Last weekend saw many declaring candidate Joe Biden as the presidential victor after he pushed past the 270 electoral votes needed to win the election on Saturday. However, the fate of the presidency still stands in limbo as President Trump proves that he won’t go down without a fight.
Yet to concede the race, President Trump remains resolute in his mission to expose potential voter fraud, calling for ballot recounts and advancing legal challenges towards states that emerged marginally in Biden’s favor. These include Arizona, Georgia, Michigan, Nevada, Pennsylvania, and Wisconsin.
Because of this, many sources now recognize these states as pending results and have therefore held off on declaring a
winner until all litigations are resolved. And although Trump’s actions are disrupting the formal transition of power that typically occurs during this time, the majority of the GOP base supports his endeavors, including the Senate Majority Leader Mitch McConnell who validated Trump’s concerns surrounding the results in battleground states.

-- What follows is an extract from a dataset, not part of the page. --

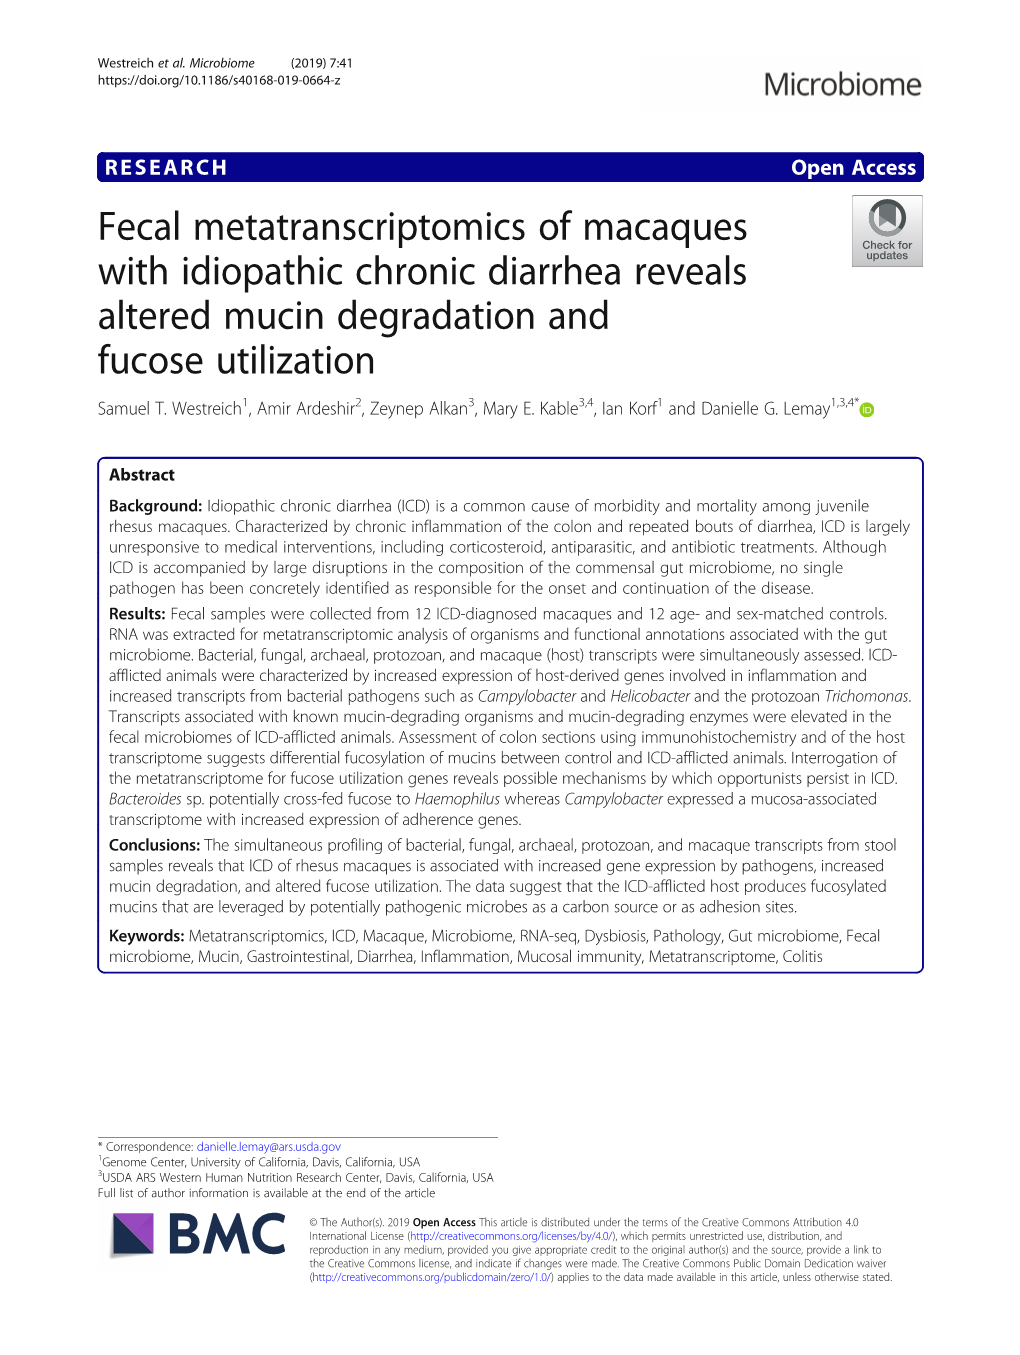 Fecal Metatranscriptomics of Macaques with Idiopathic Chronic Diarrhea Reveals Altered Mucin Degradation and Fucose Utilization Samuel T

“We have a system in place to consider concerns,” McConnell stated earlier this week. “President Trump is
100% within his rights to look into allegations of irregularities and weigh his legal options.”
Meanwhile, Biden assuredly anticipates an Inauguration in January, as he announced the assembly of a Biden-Harris COVID-19 transmission team and his plans regarding healthcare and foreign relations throughout the week. “The people of this nation have spoken,” Biden said in his Saturday night speech. “They’ve delivered us a clear victory.”
However, as long as Trump refuses to roll over, any further action from the Biden Administration remains stymied. This is because until Trump admits defeat, the General Services Administrator—a Trump appointee–cannot certify Biden as the successful candidate, tying up the flood of federal funding that fuels the transition and preventing him from filling nearly 4,000 government positions.
Furthermore, Biden has yet to be briefed on any classified information regarding national security, something that he was permitted as a candidate, but has been denied now that he is neither this nor the officially recognized president-elect. This has raised concern amongst several Senate Republicans, even as they support Trump in his voter fraud investigations.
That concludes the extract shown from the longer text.